Vice Squad
Thursday, January 22, 2004
Drugs and Police Corruption: Latest Variation on a Sad Theme

In today's Chicago Tribune (registration required), we learn that...

"A former Chicago police officer pleaded guilty Wednesday to stealing 220 pounds of marijuana and more than $10,000 in cash from a drug dealer while he was on the force in 2001." Now he faces, it seems, at least 18 years in prison.

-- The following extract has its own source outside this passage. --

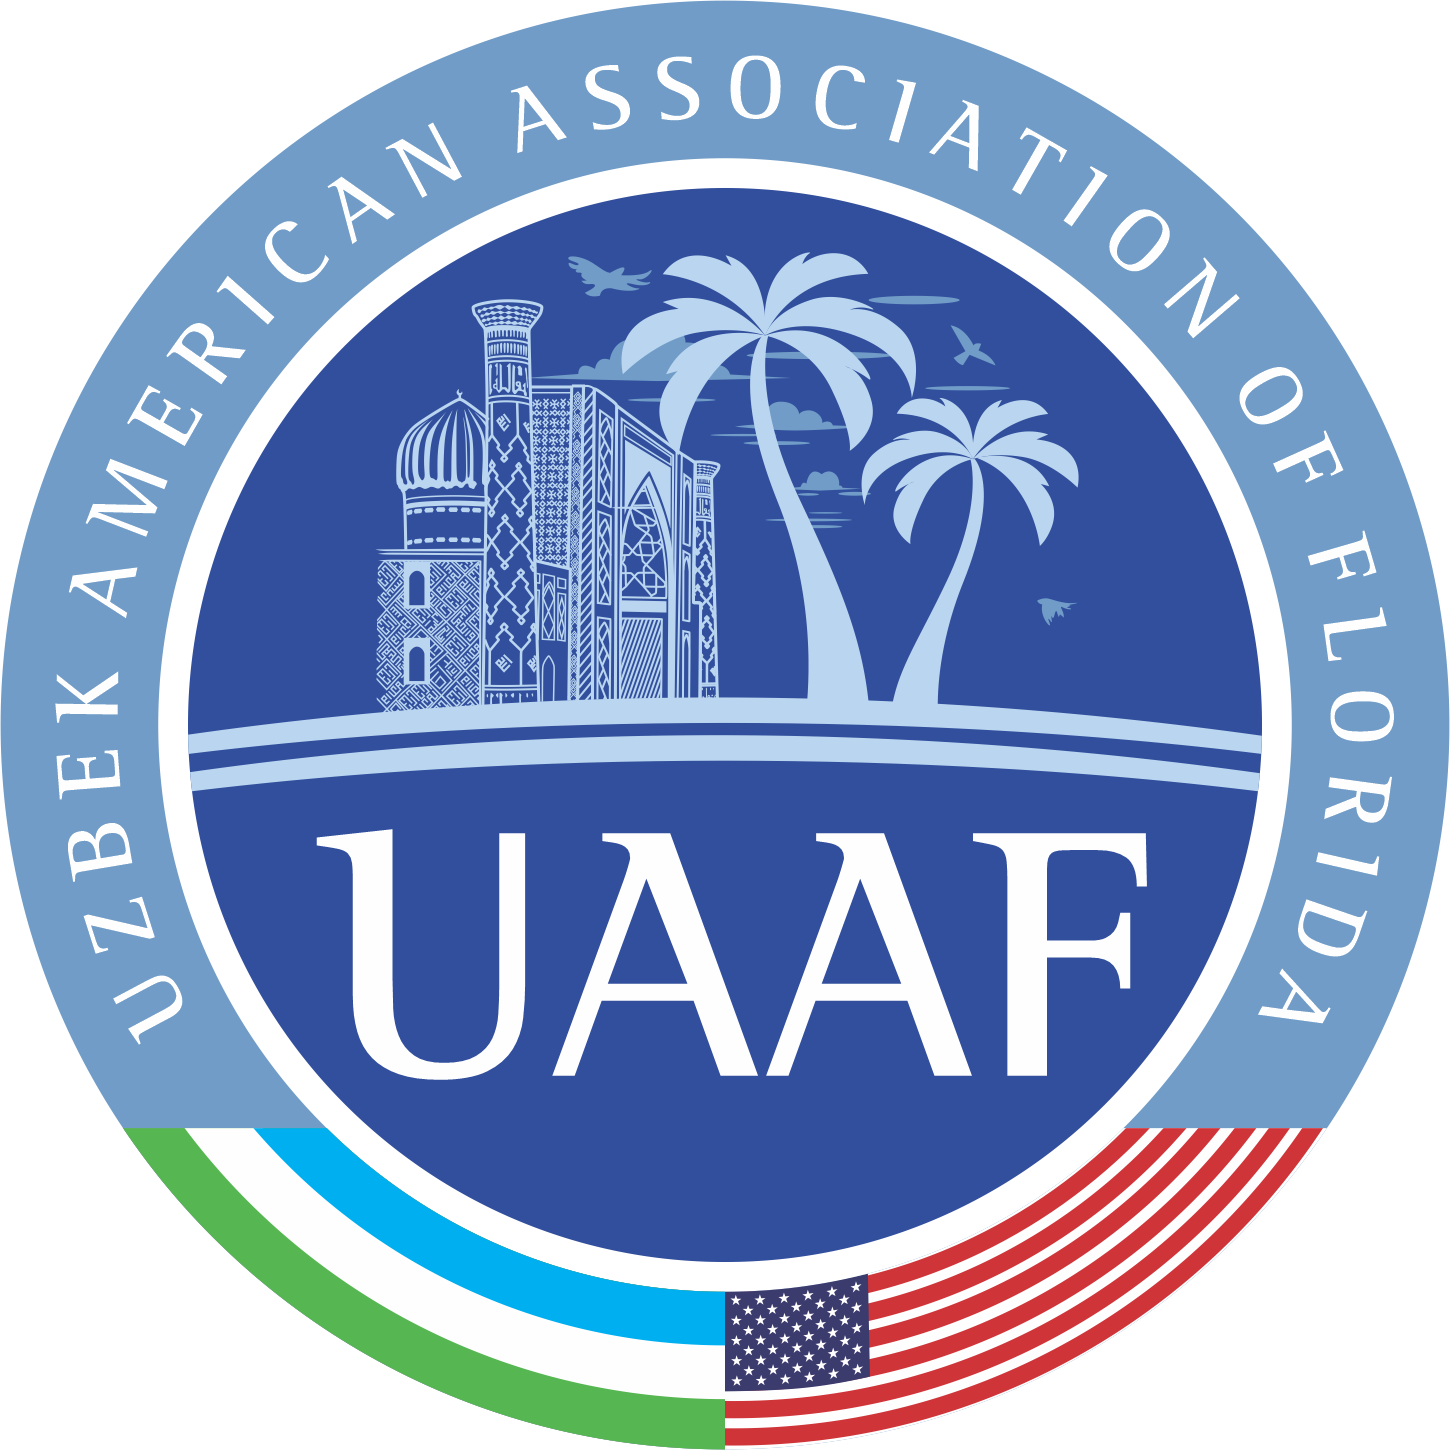 Uzbek American Association of Florida - Uzbek organization in Kissimmee FL

Just the most recent example of how our drug prohibition presents constant integrity tests for the police, just as it tests the mettle of poor young men in inner cities. (Please forgive this latest recounting of an all-too-frequent Vice Squad theme.) When someone fails the test, we are ready to show them the jailhouse door, more fodder for our voracious prison complex. We rarely ask (certainly our politicians don't seem to ask) if these constant tests are a good idea. How many of us could say with certainty that, if we were officers, we would consistently resist the temptation to make thousands of dollars by looking the other way, or by "informally fining" a drug dealer who is not yet in prison, or by some other rather easy route -- a route that either has no direct victims or victimizes only those (drug dealers) whom we have been taught to revile. What a trap we set for our officers and for inner city poor! Surely such a set-up can be justified only by dire necessity, only if it serves the most pressing social need. But what is our purpose for designing "attractive nuisances" for cops and inner city poor? To make it a little bit more difficult for some of our friends and neighbors to consume a substance that they want to consume.

It is hard to be hopeful, but maybe there is some hope anyway. Here is the description that leads off the Drug Reform Coordination Network's web page entitled "Cops Against the Drug War": "The items posted here describe the growing disillusionment with the War on Drugs in the law enforcement community, the growing support for reform, and some of the ways in which the Drug War corrupts police forces and encourages a war mentality that is at odds with a police officer's intended role as an officer of the peace."

Update, January 23: This week's Drug War Chronicle provides the latest on Detroit's drugs and police corruption scandal.